Several new Ru(II) arene complexes of formula [(η6-p-cym)Ru(N-N)(X)]2+(where p-cym = para-cymene, N-N = bpm or bpy and X = m/o-substituted pyridine) have been synthesised and characterized in this work, including the X-ray structure of two of them, namely [(η6-p-cym)Ru(bpy)(m-COOCH3-Py)]2+ (3) and[(η6-p-cym)Ru(bpy)(p-COOCH3-Py)]2+ (4). Pyridyl ester derivatives (1–4) are stable in aqueous solution and do not hydrolyze in the dark within the monitored period (48 h). On the contrary, their carboxylic analogues are not stable in the dark and readily dissociate the pyridyl ligand affording the [(η6-p-cym)Ru(N-N)(OH2)]2+ complex. This is a crucial discovery for the design of novel photoactivatable Ru(II) arene complexes which are required to be substitutionally inert in the dark since there are evidences that aqua species play a fundamental role in their cytotoxicity mechanism [39]. Moreover, such result highlights how a subtle change in the electronic structure of the periphery of the monodentate pyridyl ligand (COOMe vs COOH) can affect the overall stability of the complex.

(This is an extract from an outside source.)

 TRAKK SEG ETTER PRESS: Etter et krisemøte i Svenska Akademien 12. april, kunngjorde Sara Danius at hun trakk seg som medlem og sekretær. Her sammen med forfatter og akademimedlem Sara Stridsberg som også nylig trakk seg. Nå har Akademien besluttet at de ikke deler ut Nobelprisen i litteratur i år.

Notably, pyridyl esters could also offer new synthetic routes for functionalization of Ru(II) arene complexes with dyes [40] or targeting/anchoring groups suitable for coupling to proteins or decoration of nanoparticles, strategies that could be used to favour the cellular delivery of this class of agents.

Finally, DFT calculations provided a valuable rationalization of the photochemistry of complexes 1–4, pinpointing for the first time that the dissociative ll-T1 triplet state is likely to be responsible for the selective light-induced ejection of the monodentate pyridyl ligand.